Сумерки уже почти превратились во тьму, когда мы спустились к тому месту, где Гребневый Путь пересекался с дорогой, идущей на Каллеву. Здесь стоял тошнотворный запах, и земля вниз до самой долины была усеяна мертвыми телами, бриттскими и саксонскими; а алые угольки сторожевых костров впереди показывали, где варварское войско оставило свои фургоны. Мы подняли крик и поудобнее устроились в седлах, готовясь продолжать сражение, но люди, оставленные с обозом, давно сбежали, присоединившись к толпе своих товарищей, и мы не увидели ничего и никого, кто мог бы поднять против нас секиру. Вспомогательный отряд и добрая часть конницы, как сговорившись, бросили погоню и занялись поисками какой-нибудь поживы. Наверно, я мог бы отогнать их прочь, как охотник отгоняет собак от туши, но теперь вряд ли имело значение, что они делали. Я оставил их копаться в мусоре, а сам поскакал дальше с теми, кто предпочел последовать за мной. Но я помню, что песен больше не было, мы все были слишком усталыми.
И на самом деле мы тоже не уехали далеко, а спустились на несколько миль в долину и остановились у небольшого, белого от мела ручейка, чтобы перевести дух и напоить лошадей; и поняли, словно по общему согласию, что на эту ночь охота окончена.
Ручеек струился в сени молодой ореховой рощицы, и перламутровое сияние поднимающейся луны серебрило мир вокруг нас; и, невероятно, в туманной глубине зарослей пел соловей. Рядом со мной выросла огромная тень, и я увидел, что это Кей; он сидел в седле ссутулясь, а на плече у него висел разломанный почти пополам щит.
— Боже! Что за день! Какая потрясающая победа! Это все, или мы погоним их дальше?
— Оставь их, — ответил я. — Завтра будет достаточно времени, чтобы прочесать окрестности, — когда мы подсчитаем потери и перевяжем раны, — я смотрел на фигуры на опушке леса; некоторые из них еще сидели в седле, другие неуклюже, как скрюченные старики, сползали наземь. Те, на чьих доспехах, по большей части, еще сохранился растрепанный, увядший пучок лунных маргариток, пробились поближе ко мне. Их было где-то около двух эскадронов; или, скорее, меньше. — Это все, что от нас осталось?
Кто-то рассмеялся хриплым горловым смехом, и я узнал смех Овэйна.
— Нет, Фарик и его дикари отстали, чтобы помочь обшаривать обозные фургоны.
— А я вот — нет! — юный Риада протолкался ко мне. — Я оруженосец моего господина.

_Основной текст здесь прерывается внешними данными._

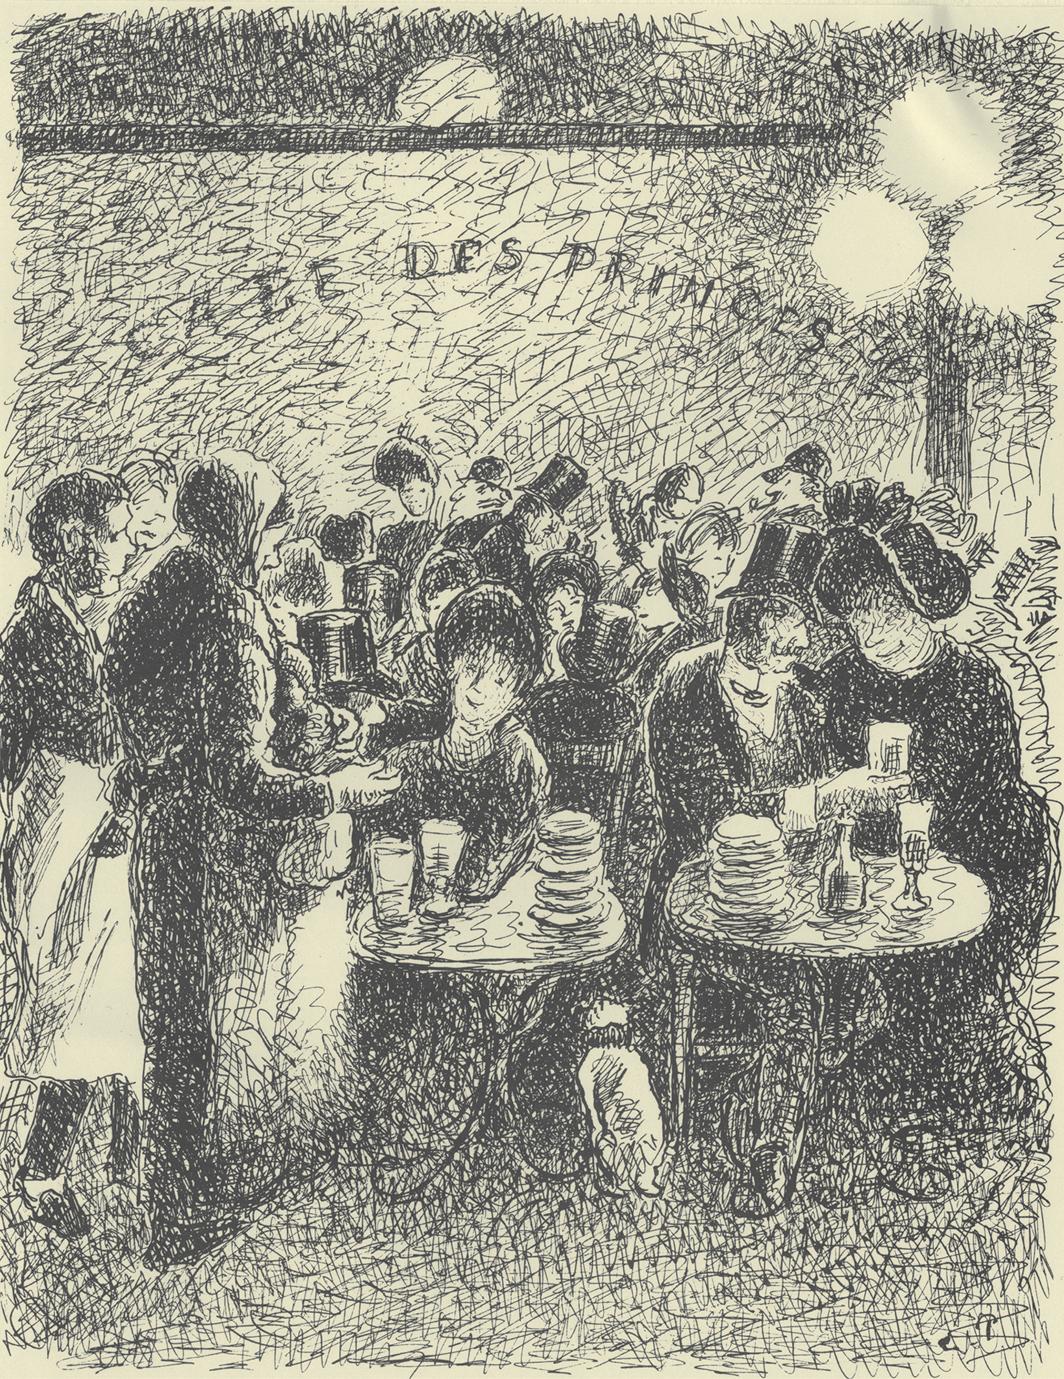 "Camille Pissarro, La vertu récompensée (Virtue Rewarded), 1889–90, ink and pencil on paper, 12 1⁄4 × 9 1⁄2"". From Turpitudes sociales (Social Disgraces), 1889–90."

— И наверняка немало наших осталось среди раненых! — вставил кто-то другой.
— А что Бедуир? — спросил я через какое-то мгновение. — Кто-нибудь знает?
На этот раз мне ответил Флавиан.
— Я видел, как он упал. Больше ничего.
И соловей пел так, как он пел в старом дворцовом саду в ту ночь, когда умерла маленькая Хайлин.
Через какое-то время, когда мы отдышались, напоили лошадей и сами напились и промыли в ручье раны, я отдал приказ садиться по седлам и вновь привел войско в движение.
Луна уже стояла высоко над Даунами, и когда мы развернули лошадей в ту сторону, откуда приехали, из травы, покрывающей склоны, нам сияла мерцающая и гигантская, искаженная уклоном холма, вырезанная в меле священная Лошадь Солнца из долины Белой Лошади.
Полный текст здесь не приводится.